Skin melanoma is a potentially lethal cancer and ranks as the 17th most common cancer worldwide. Overcoming resistance to advanced-stage melanoma is a significant challenge in its treatment. Parthenolide (PAR) is recognized as a potent anticancer small molecule, yet its potential in treating melanoma is poorly investigated.

Objective

Our objective was to investigate the apoptotic and anti-metastatic properties of PAR against the A2058 melanoma cells .

Methods

This study employed various assays, such as cytotoxicity, apoptosis, cell cycle analysis, reactive oxygen species (ROS) production, mRNA expressions, western blotting, gelatin zymography, and scratch assay.
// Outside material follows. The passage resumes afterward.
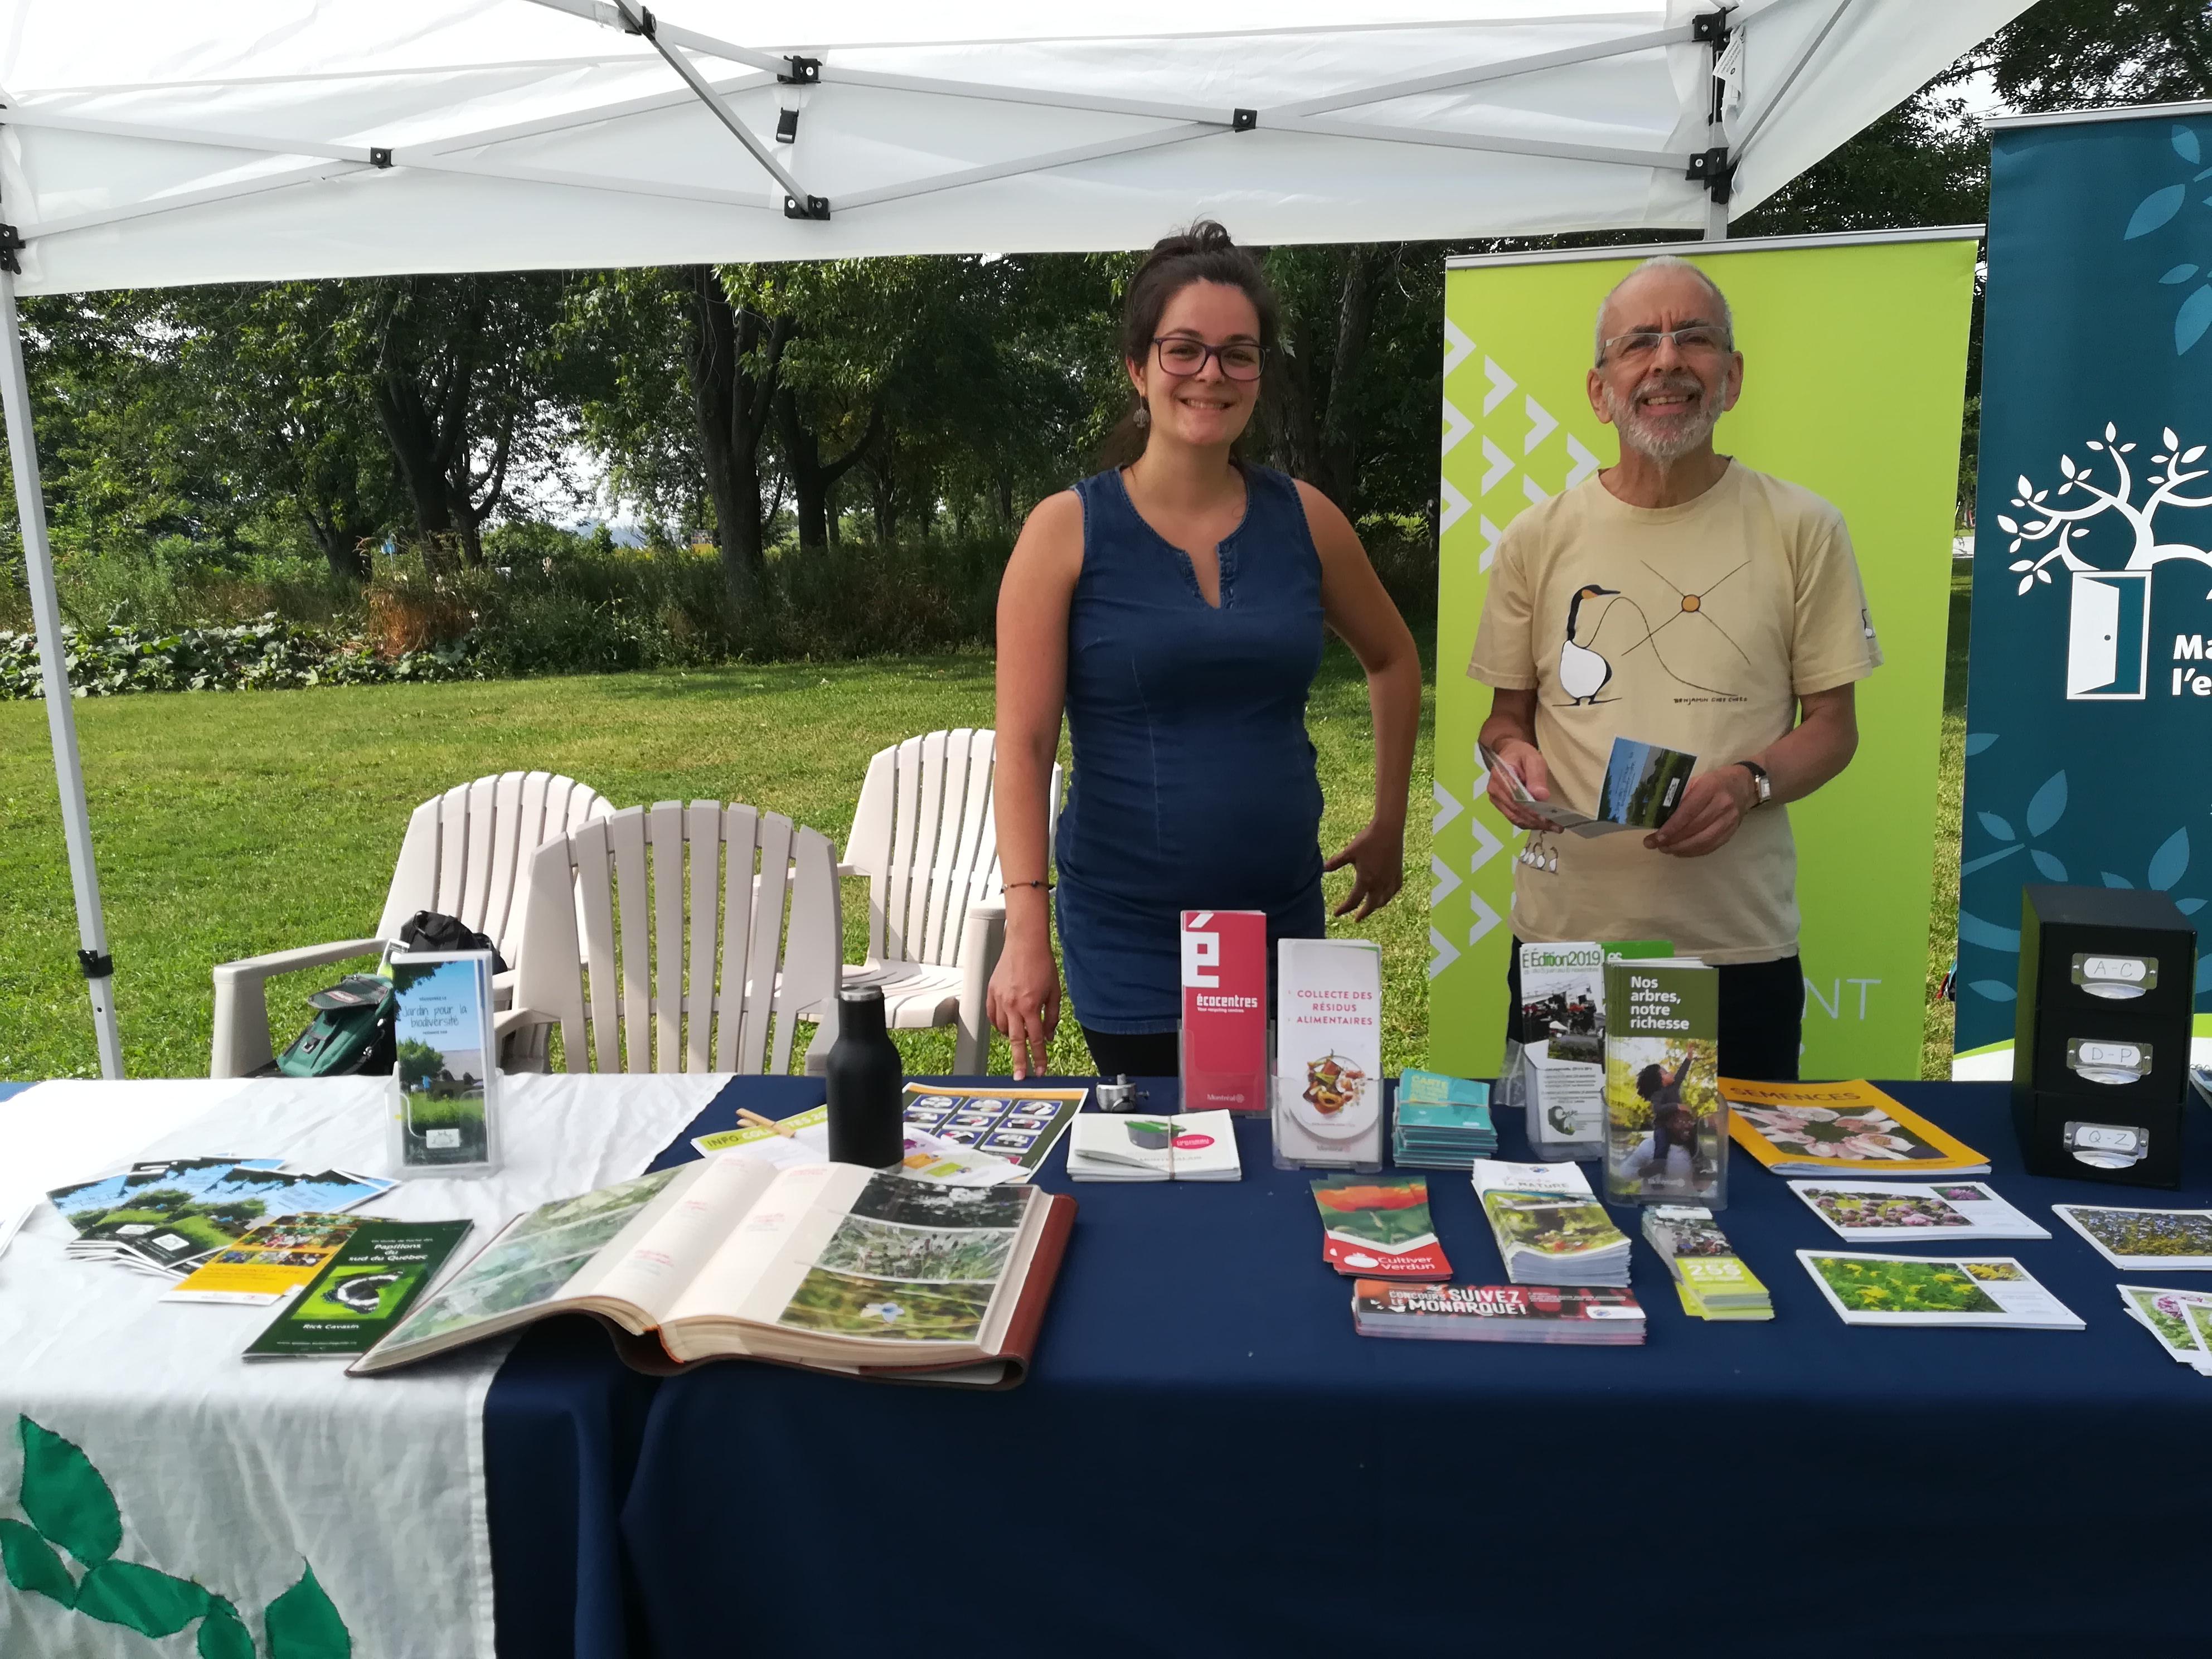 Partons à la découverte des plantes sauvages lors de Portageons la fête !

The synergy between PAR and dacarbazine, a chemotherapy drug for treating skin cancer, was also assessed.

Results

Our study revealed that PAR significantly reduced the viability of A2058 cancer cells, demonstrating greater potency against cancer cells compared to normal L929 cells (IC: 20 µM 27 µM after 24 h). PAR increased ROS production, elevated mRNA expression of pro-apoptotic Bax and NME1 genes, and decreased expression of the MITF gene. PAR induced apoptosis and cell cycle arrest in A2058 cells, as evidenced by the increased proportion of cells in the late apoptotic phase and sub-G1 cell cycle arrest. MMP-2 and MMP-9 mRNA and protein expressions, gelatinase activity, and the migration of A2058 cells were also decreased by PAR, suggesting its potential to suppress cancer cell invasion.

Conclusion

These results, along with the synergic effect with dacarbazine, indicated that PAR may have the potential to be a therapeutic drug for melanoma by triggering apoptosis and suppressing invasion and migration.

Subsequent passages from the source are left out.